Software Development Process Models
Steven J Zeil
Last modified: Sep 04, 2014
1. Software Development Process Models
A software development process model (SDMP), a.k.a., a
software life-cycle model, is the process by which an
organization develops software.
- Projects typically broken into phases
- There are varying criteria for entering or exiting each phase
1.1 Common Activities
- Recognition of problem / need / opportunity
- Feasibility study
- Analysis of requirements
- Design of system
- Implementation
- Testing
- Deployment
- Maintenance
Different SDPMs will divide these activities among phases in different ways.
Analysis of Requirements
- Examine existing system.
- How does it work?
- What are its shortcomings?
- Propose a new system
- Enumerate precisely what the new system will do
Common Documents from Requirements Analysis
- Feasibility report
- Software Requirements Specification (SRS)

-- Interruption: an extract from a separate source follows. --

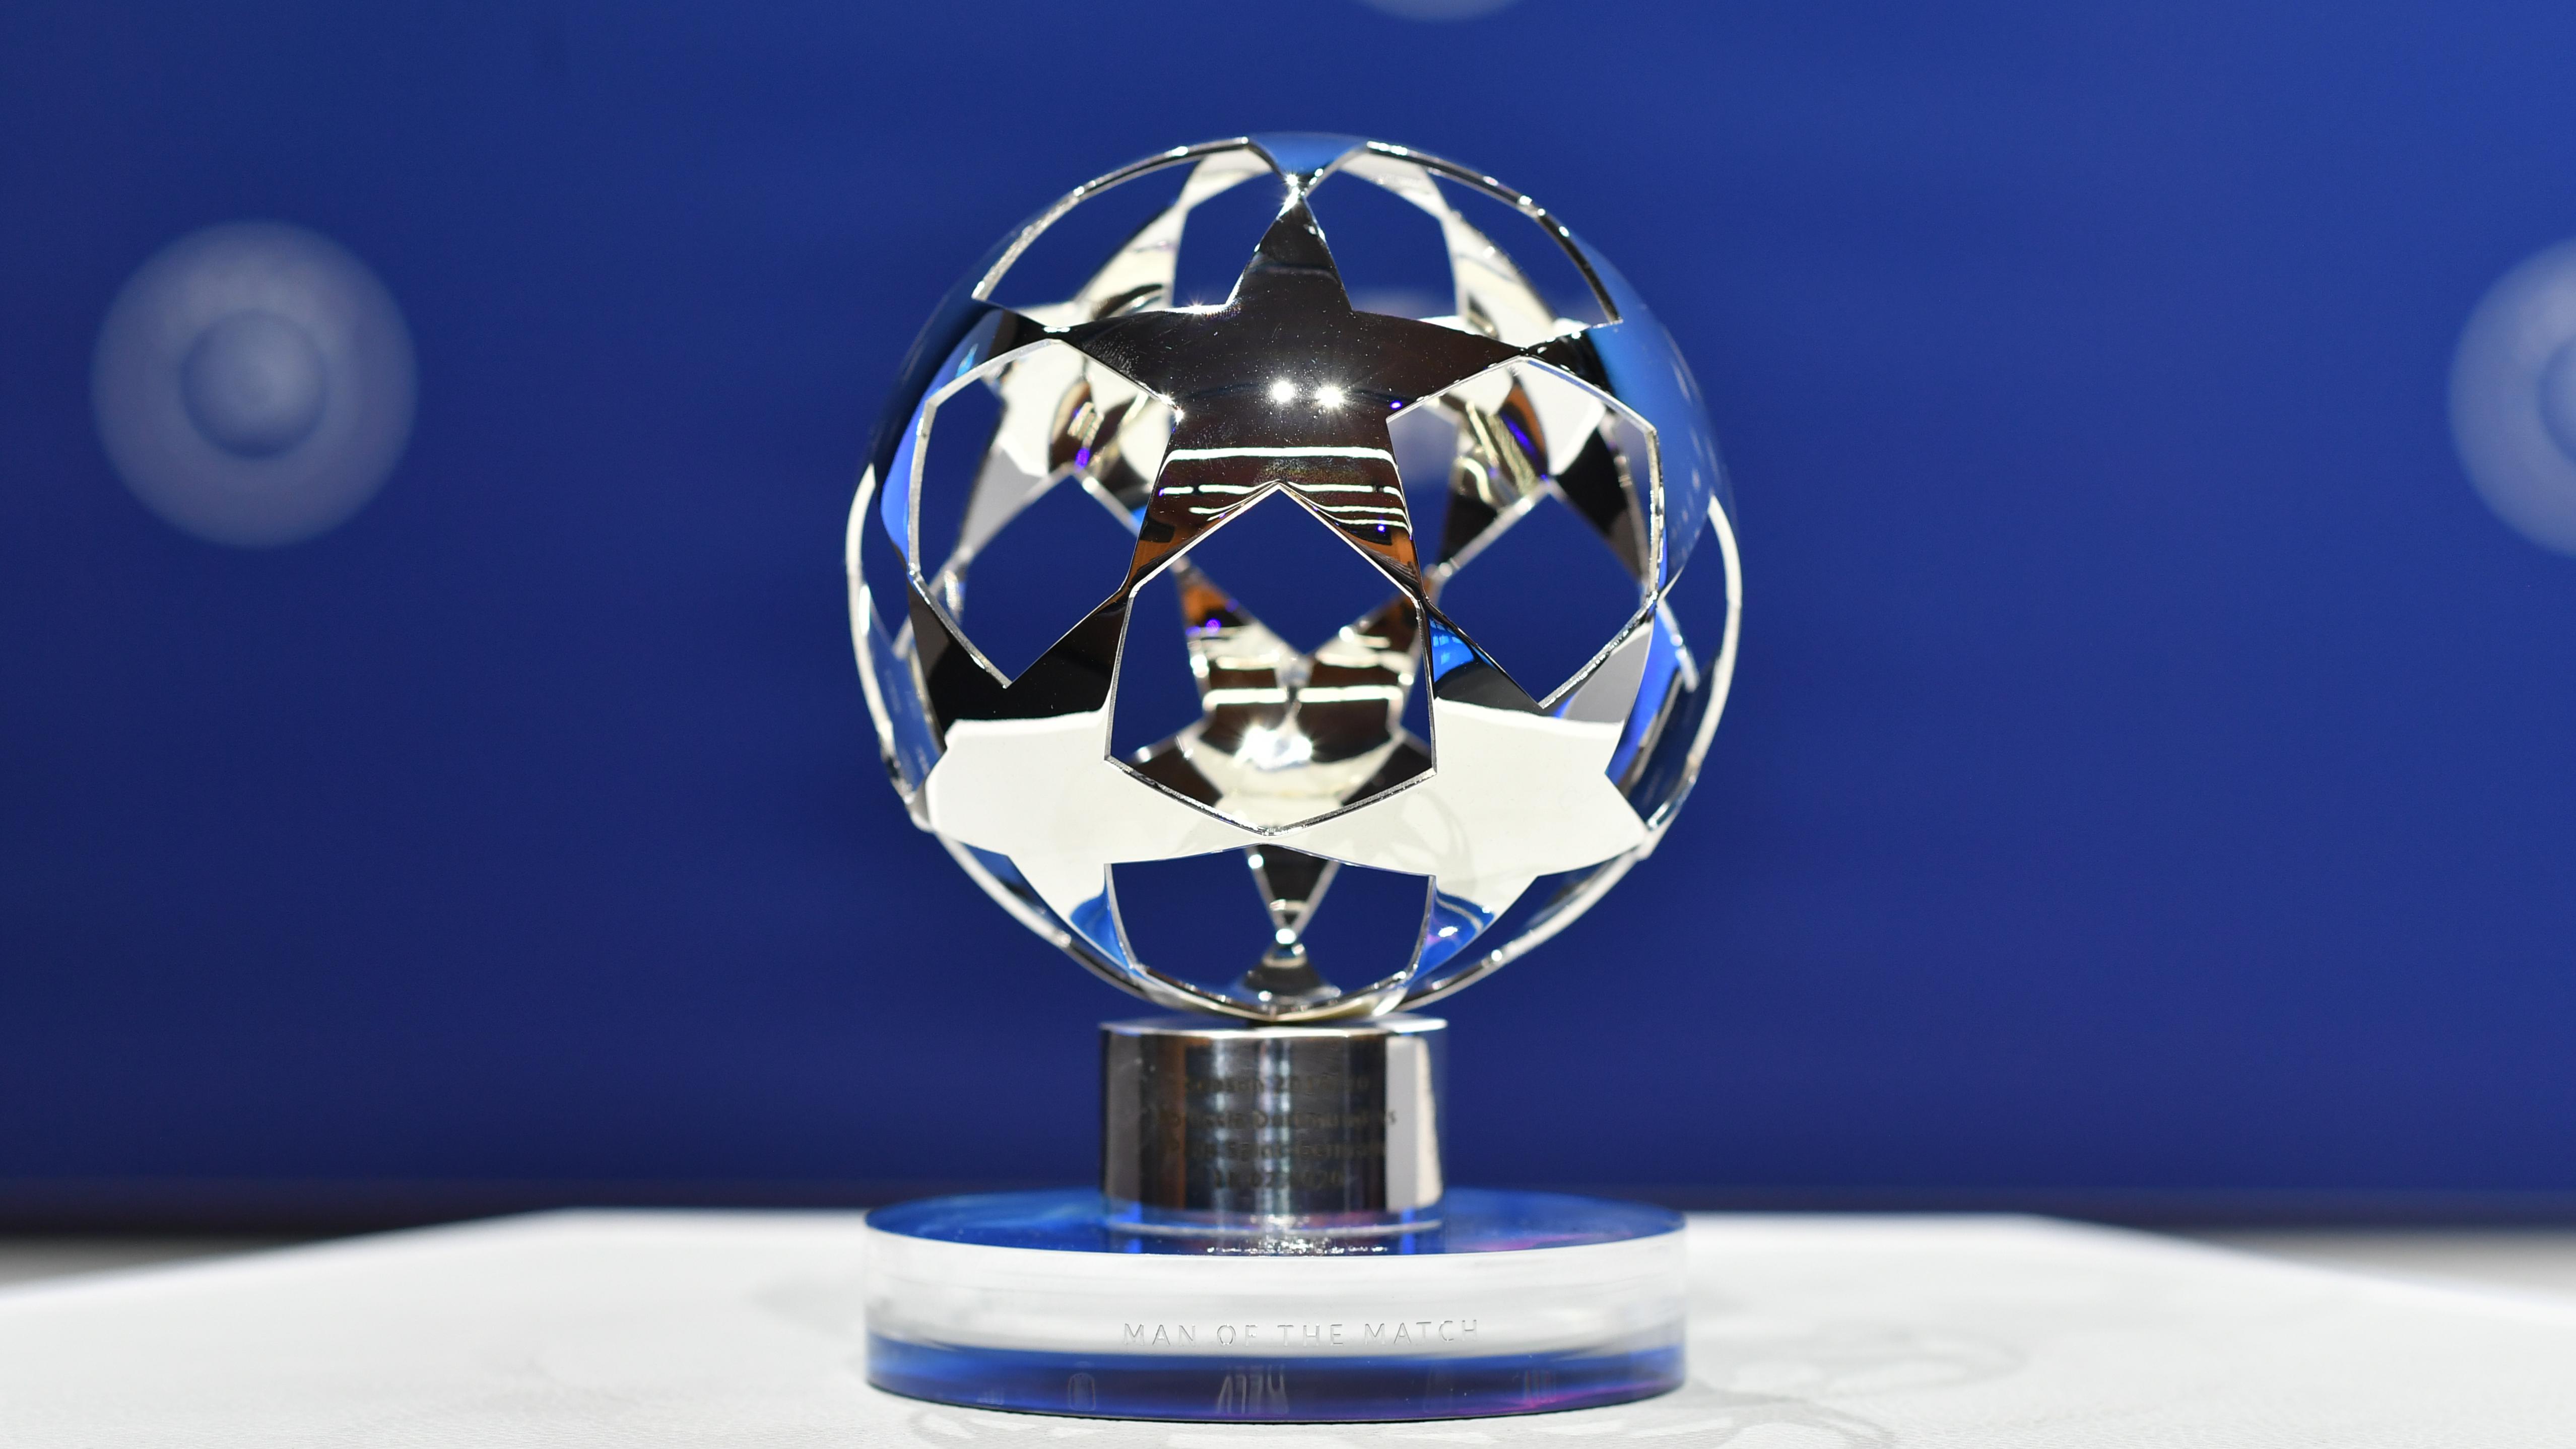 UEFA công bố giải thưởng mới toanh kể từ vòng 1/8 C1 mùa này

- Detailed statement of problem
- Functional requirements
- Constraints on the system
We’ll look at requirements in more detail in a later section.
Design
Derive
a solution which satisfies the software requirements.
Commonly recognized subproblems include
- architectural design,
- the collection of decisions that need to be common to all components.
- high-level design,
- dividing the system into components, and
- low-level design
- choosing the data structures and algorithms for a single component.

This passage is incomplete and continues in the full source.